#### [Work required]
Return all the data verbatim but without images.

#### [Data provided]
------------------------

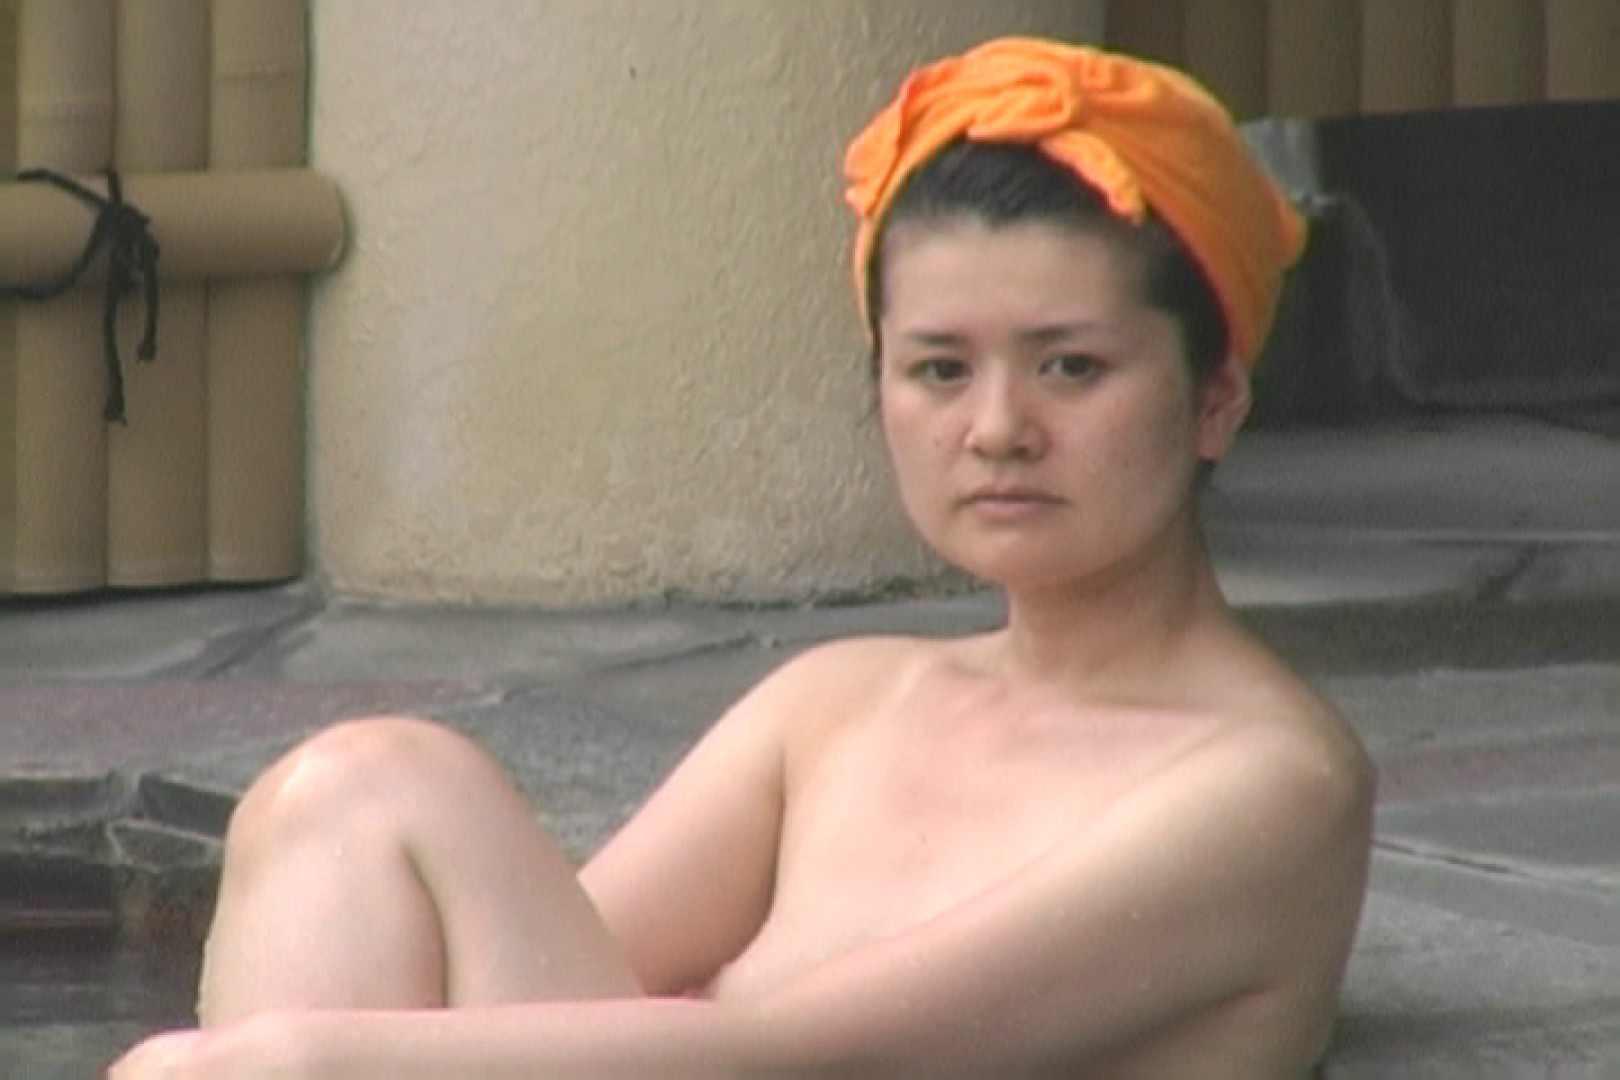 Aquaな露天風呂Vol.640 エッチな盗撮 セックス画像 101pic 30
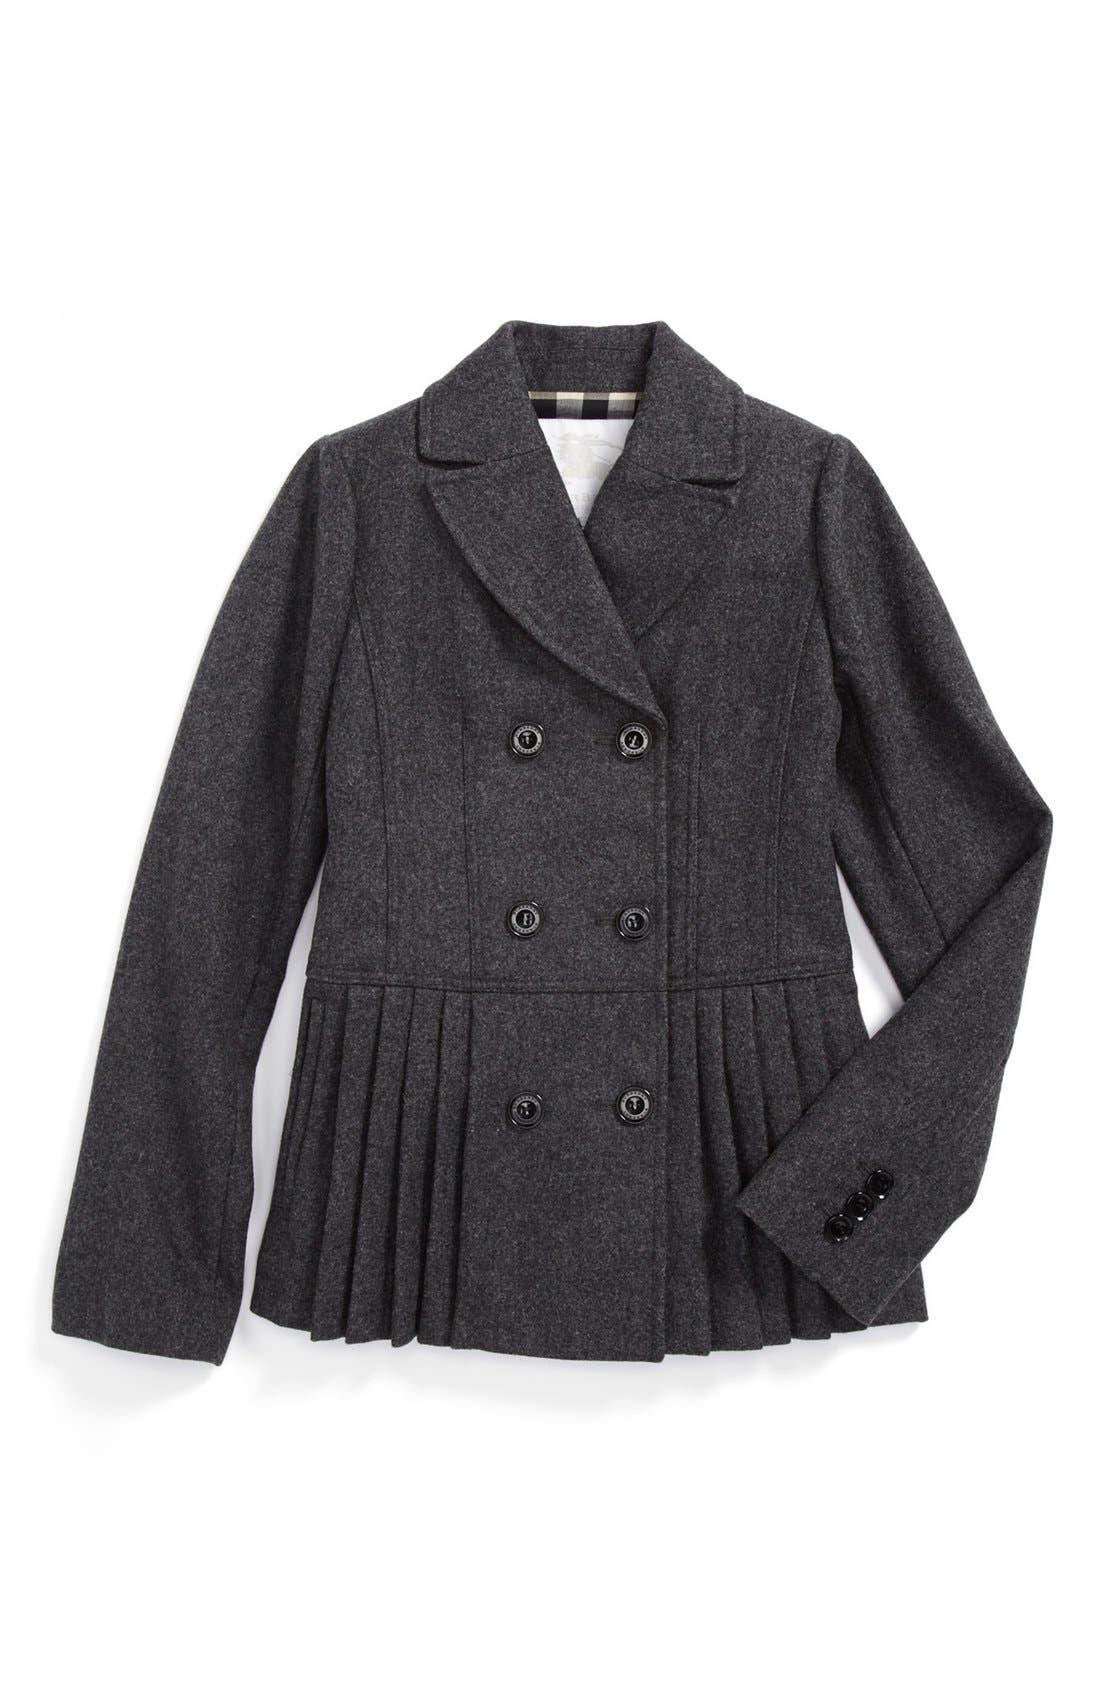 Main Image - Burberry Tailored Jacket (Little Girls & Big Girls)
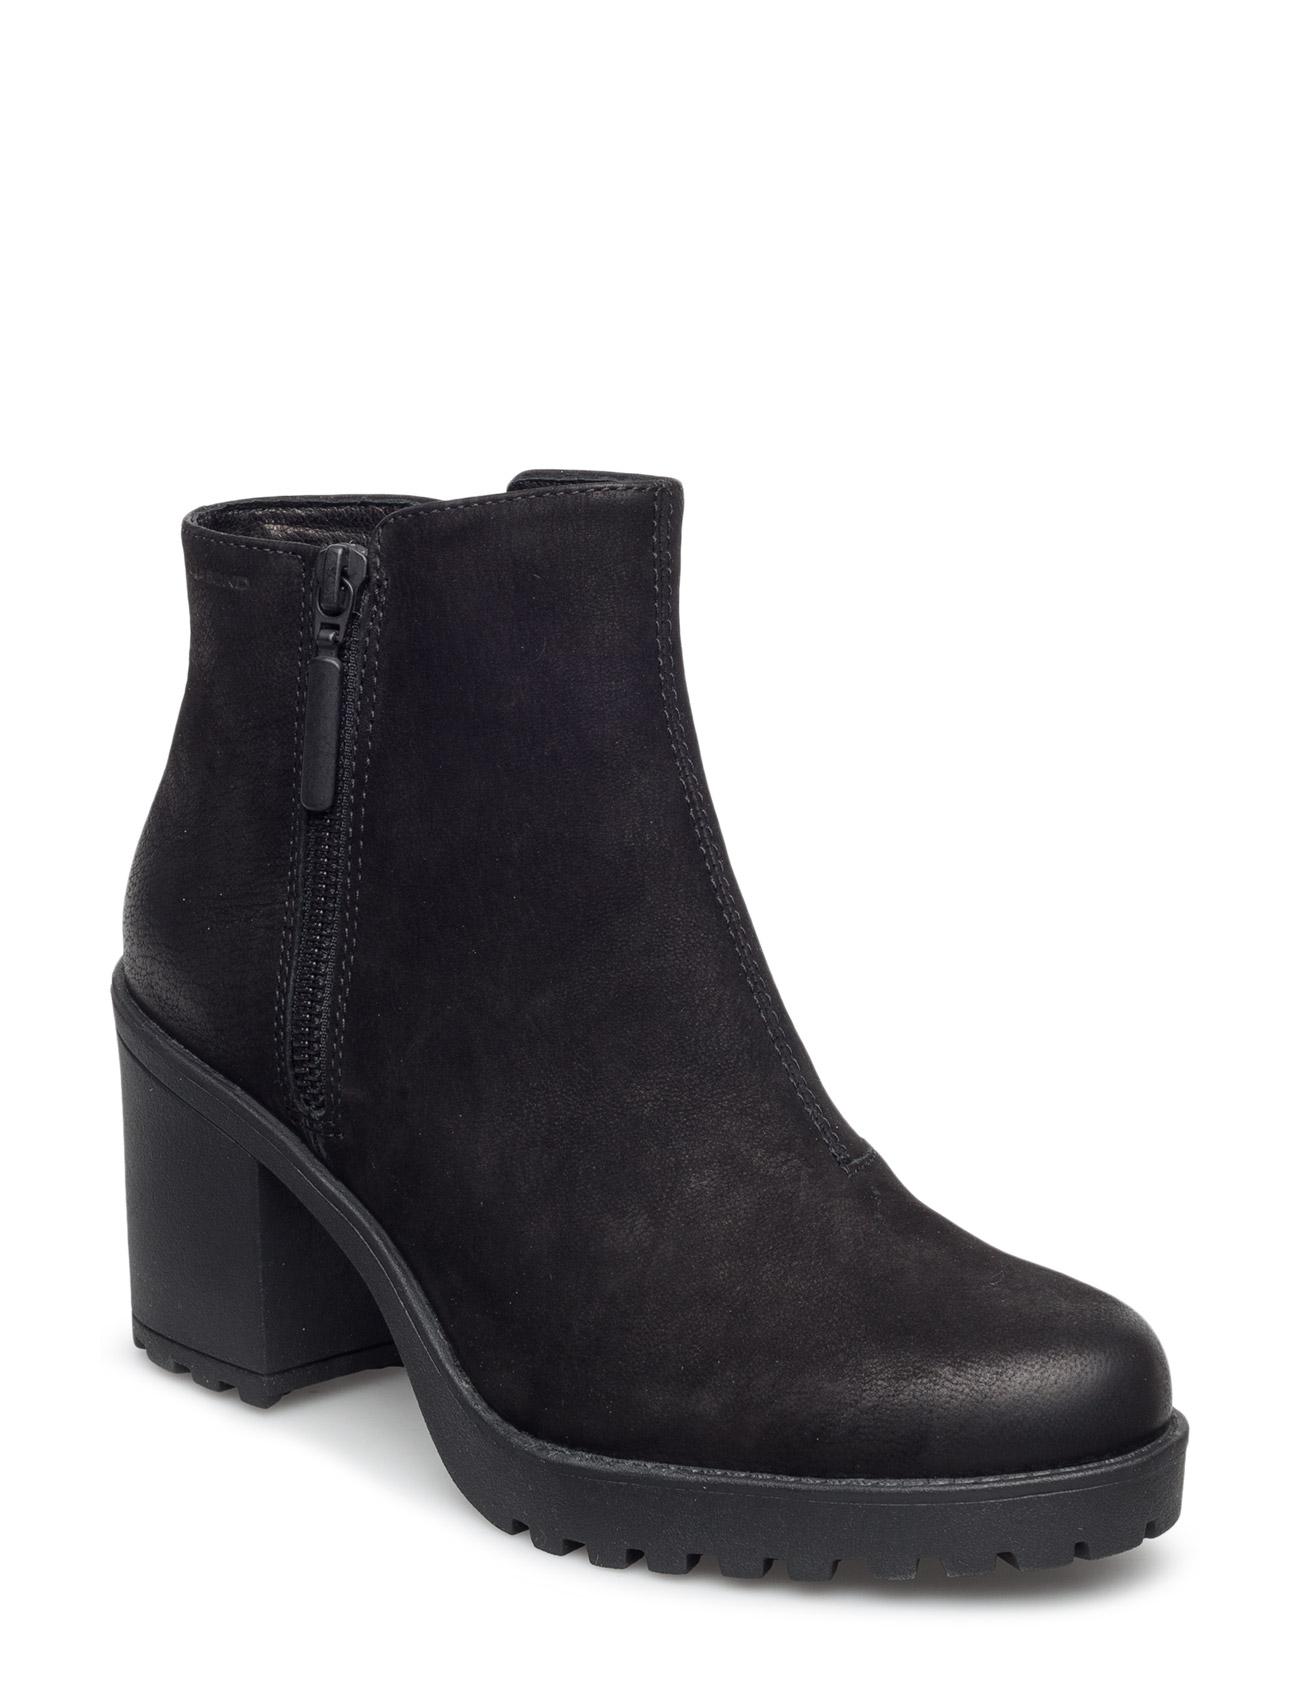 Grace VAGABOND Støvler til Damer i Sort

------------------------

#### [Exercise result]
 Aquaな露天風呂Vol.640 エッチな盗撮 セックス画像 101pic 30
 Main Image - Burberry Tailored Jacket (Little Girls & Big Girls)
 Grace VAGABOND Støvler til Damer i Sort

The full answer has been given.